__Material provided__
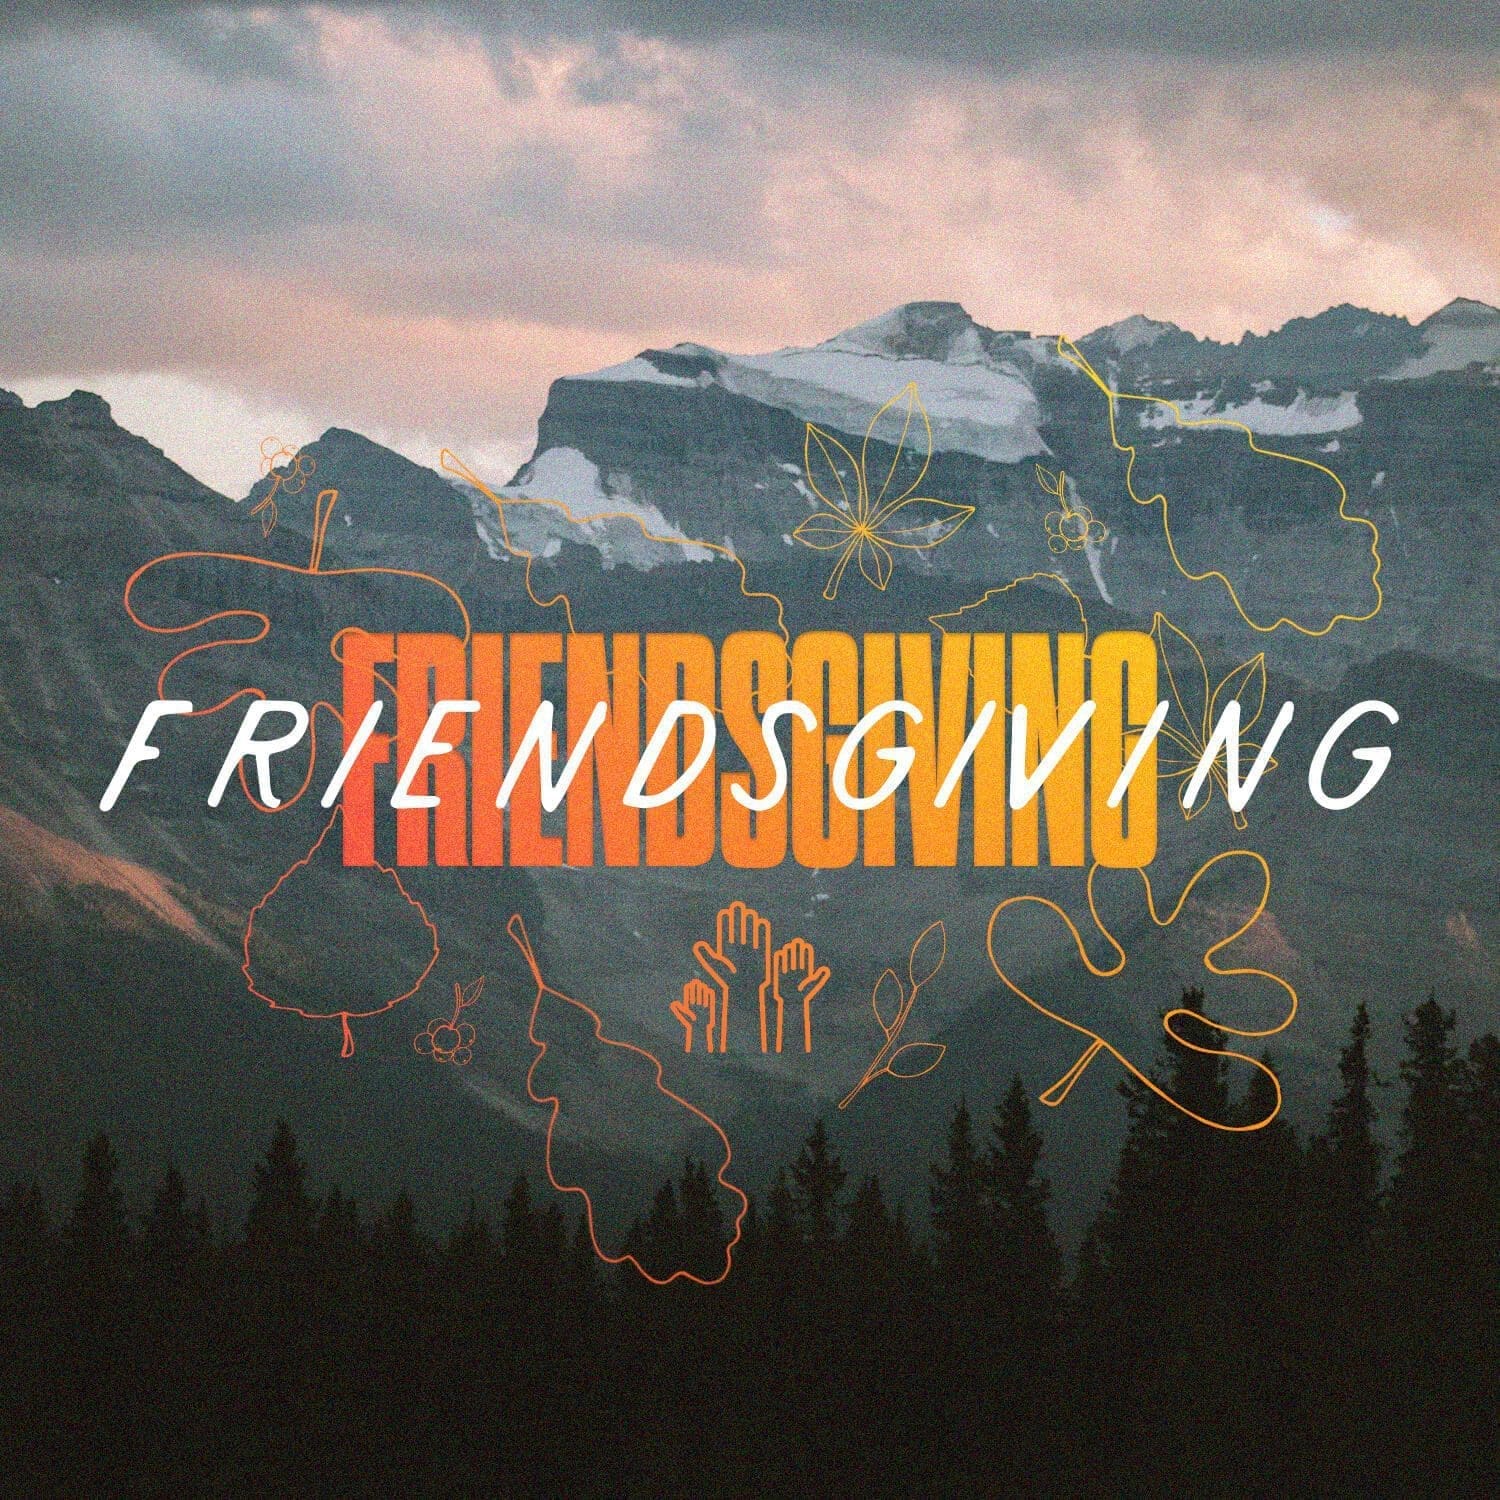 Friendsgiving
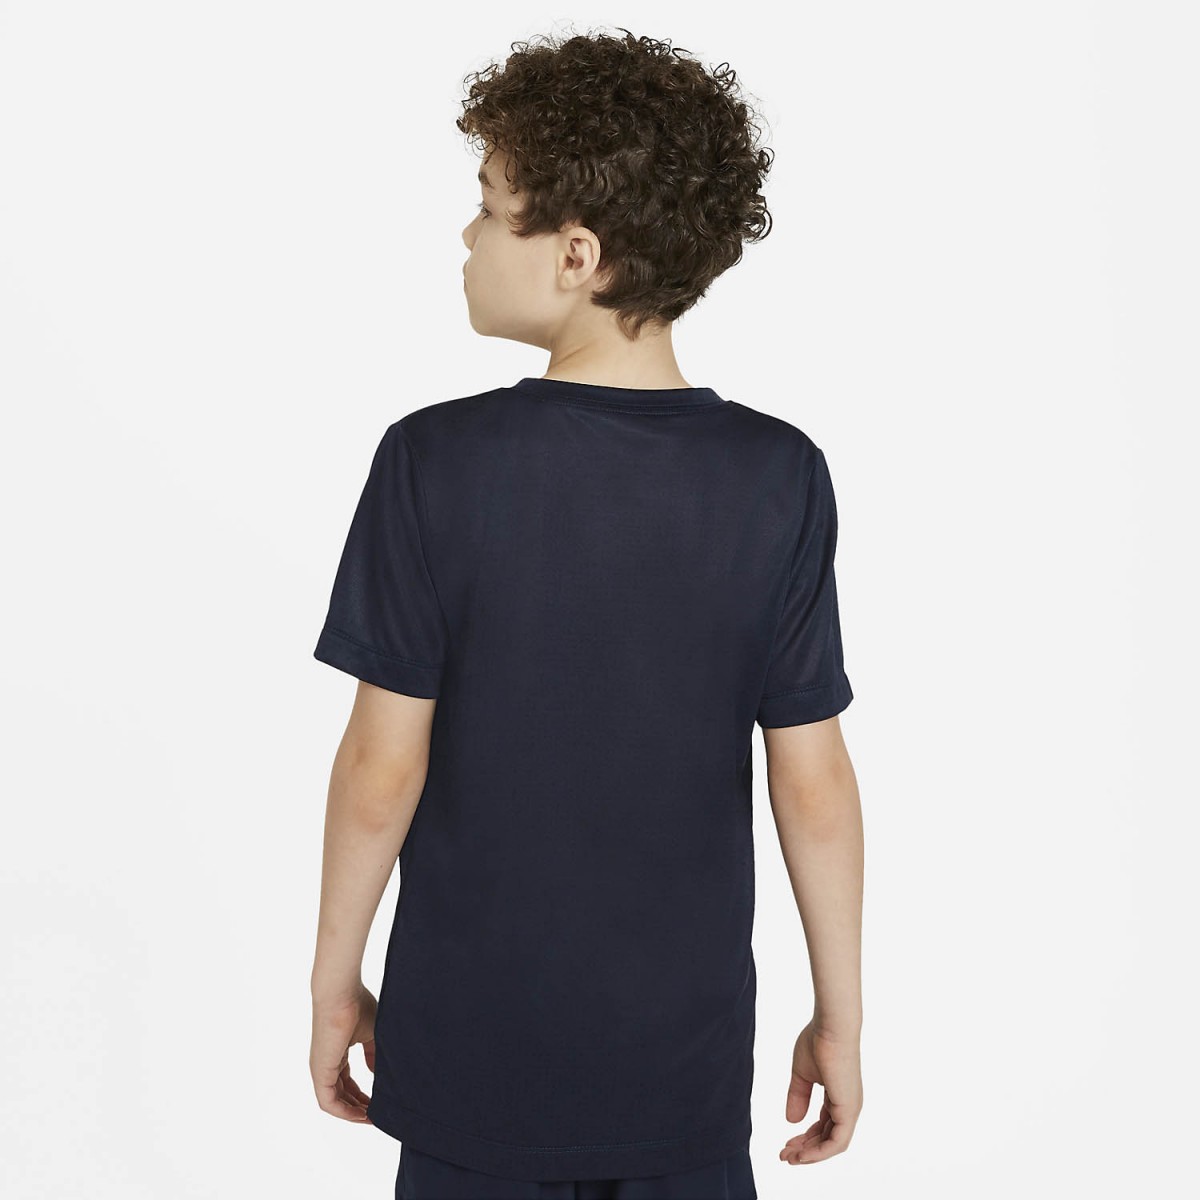 Теннисная футболка детская Nike Court Tee Rafa obsidian/white
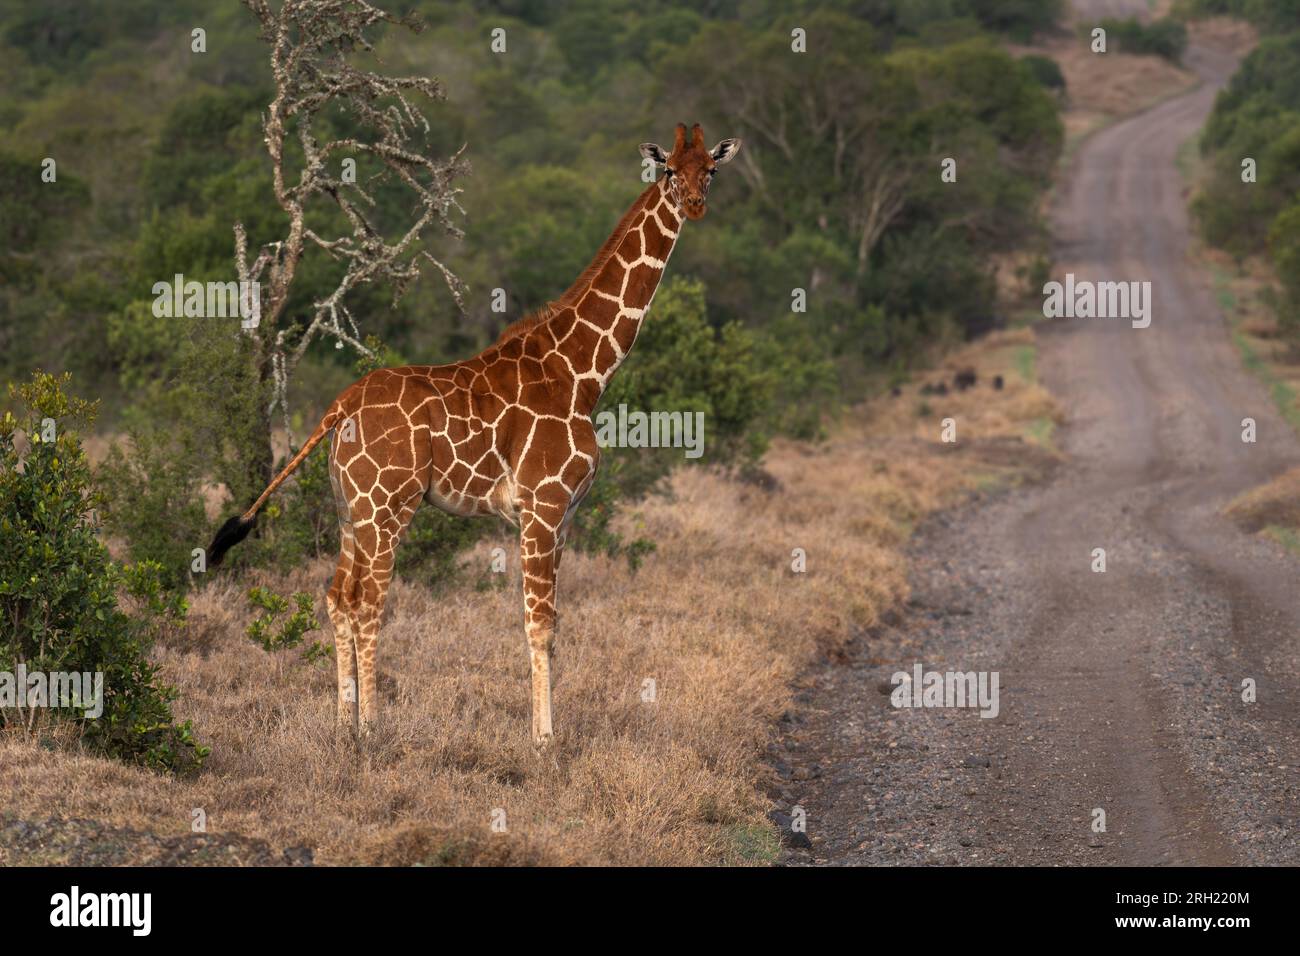 Reticulated giraffa, Giraffa camelopardalis reticulata, Ol Pejeta Conservancy Area, Kenya, Africa Stock Photo
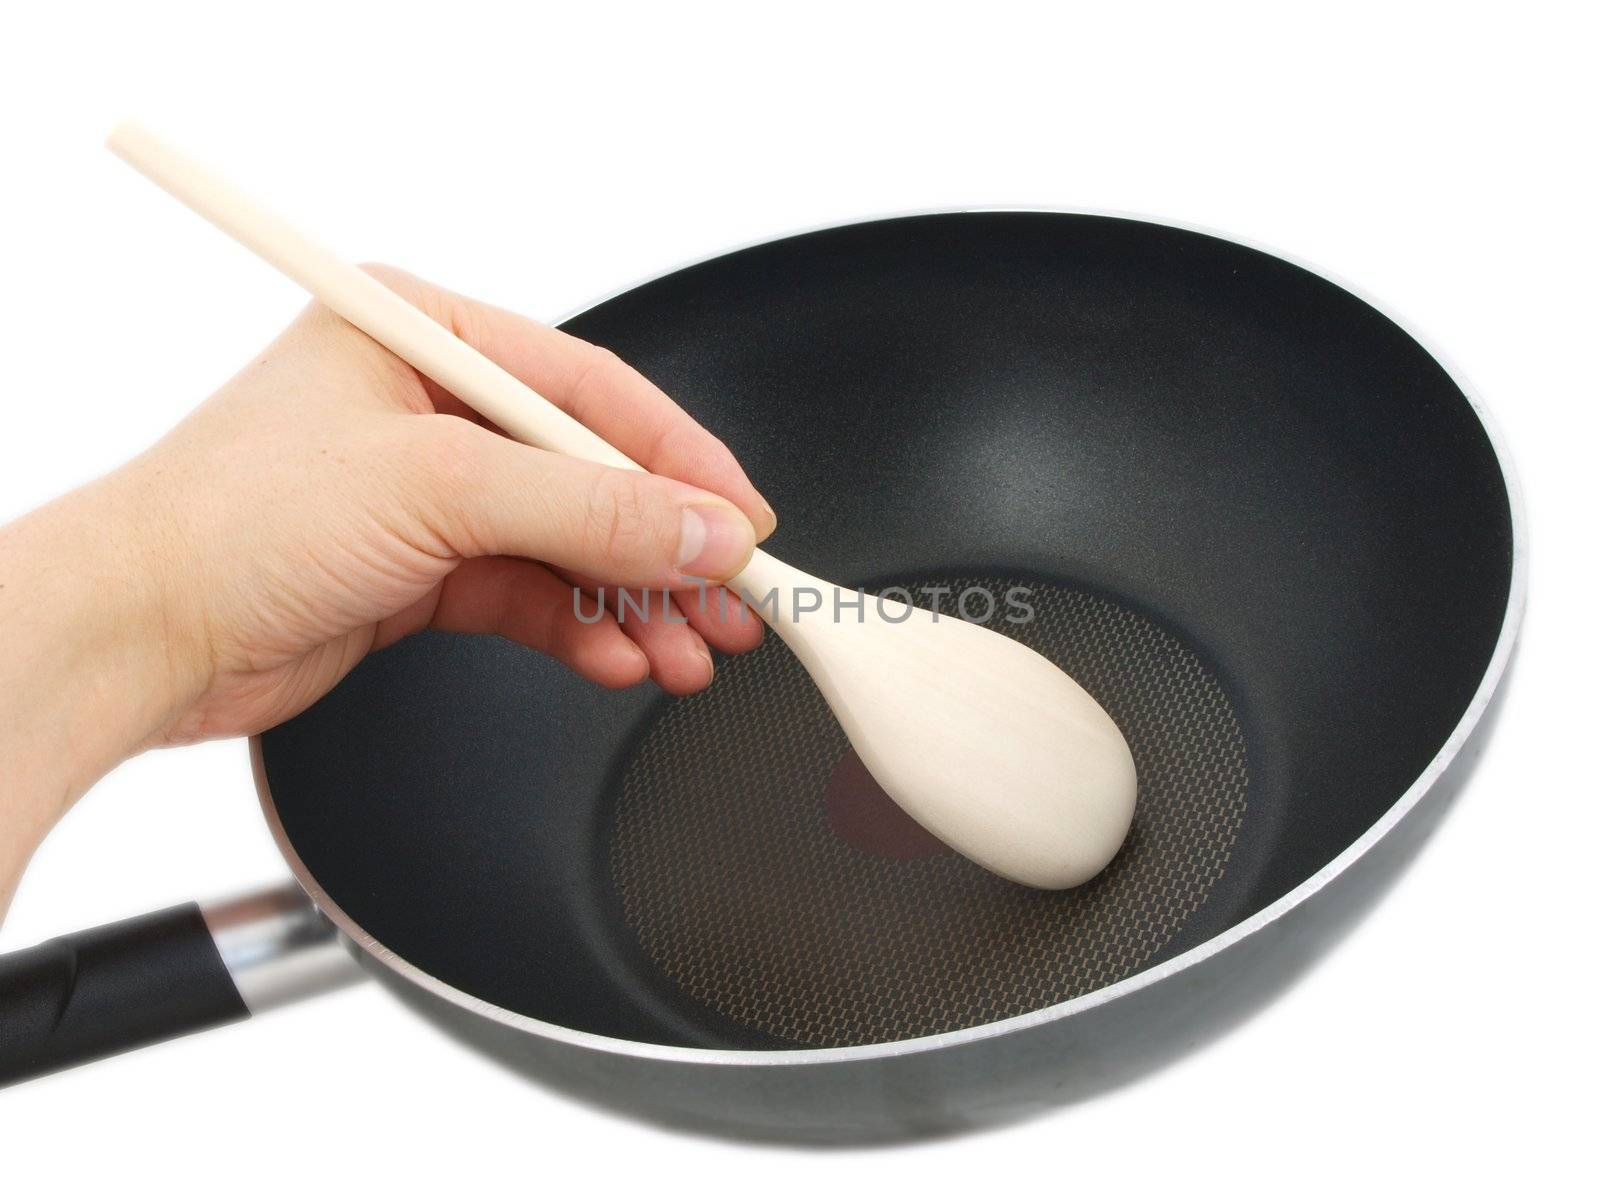 Frying pan by Arvebettum

__Activity__
Exact copy, pictures removed: set down the whole listing above.

__Answer space__
 Friendsgiving
 Теннисная футболка детская Nike Court Tee Rafa obsidian/white
 Reticulated giraffa, Giraffa camelopardalis reticulata, Ol Pejeta Conservancy Area, Kenya, Africa Stock Photo
 Frying pan by Arvebettum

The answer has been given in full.